Sorry for jumping into this so late, but I'm new to the forums.

I ended up on Lexapro in a round-about way. I was sufferring from severe tinnitus which was actually preventing me from sleeping which increased my anxiety which increased the effects of the tinnitus, etc. Once I went on the Lexapro, the tinnitus didn't go away, but it became background noise that didn't really bother me. Now the noise is more an indicator of anxiety rather than a contributing factor. My wife has said that there were dramatic differences, but she couldn't (or didn't want to) tell me exactly what they were. But she can tell when I miss a dose.

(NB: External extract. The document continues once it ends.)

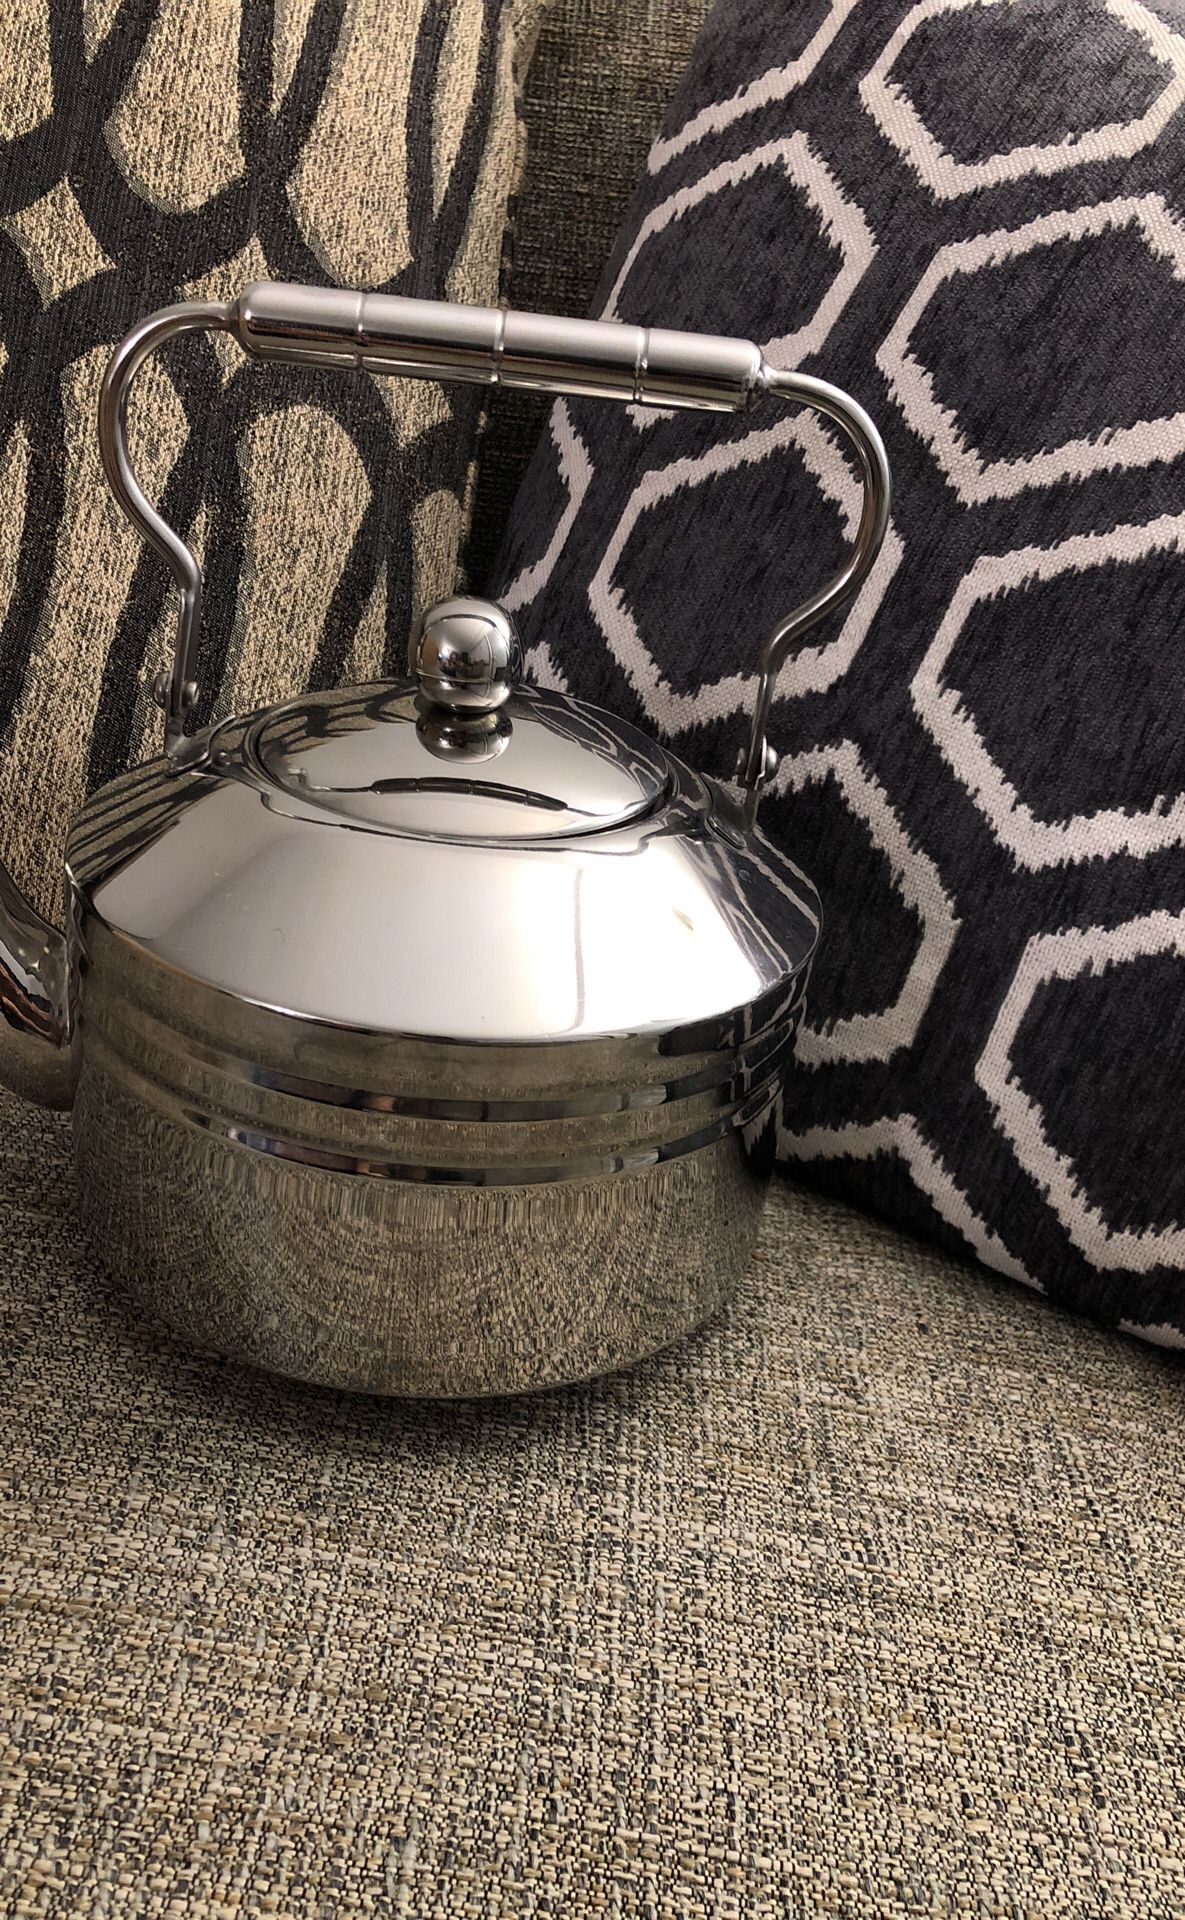 Stainless steel tea pot. Please see all the pictures and read the description

With that said, the Lexapro "levelled me out" and it had a significant impact on my creative process. Before the meds I would procrastinate, get blocked and then have a burst of creative insight and manic productivity. Obsessing and working through the night was pretty common. However, when I objectively compare my work before and after the meds, they're really pretty similar. It just felt like I was being more creative because of the "eureka" moments. It's hard to tell whether I would have come up with identical insights on and off, but I think that it's mostly a perception thing and not an objective stifling of creativity. Off the meds, the same process are going on but they're more chaotic and off my concious radar. On the meds, I'm more aware of them and in control, so it feels less like creativity and more like work.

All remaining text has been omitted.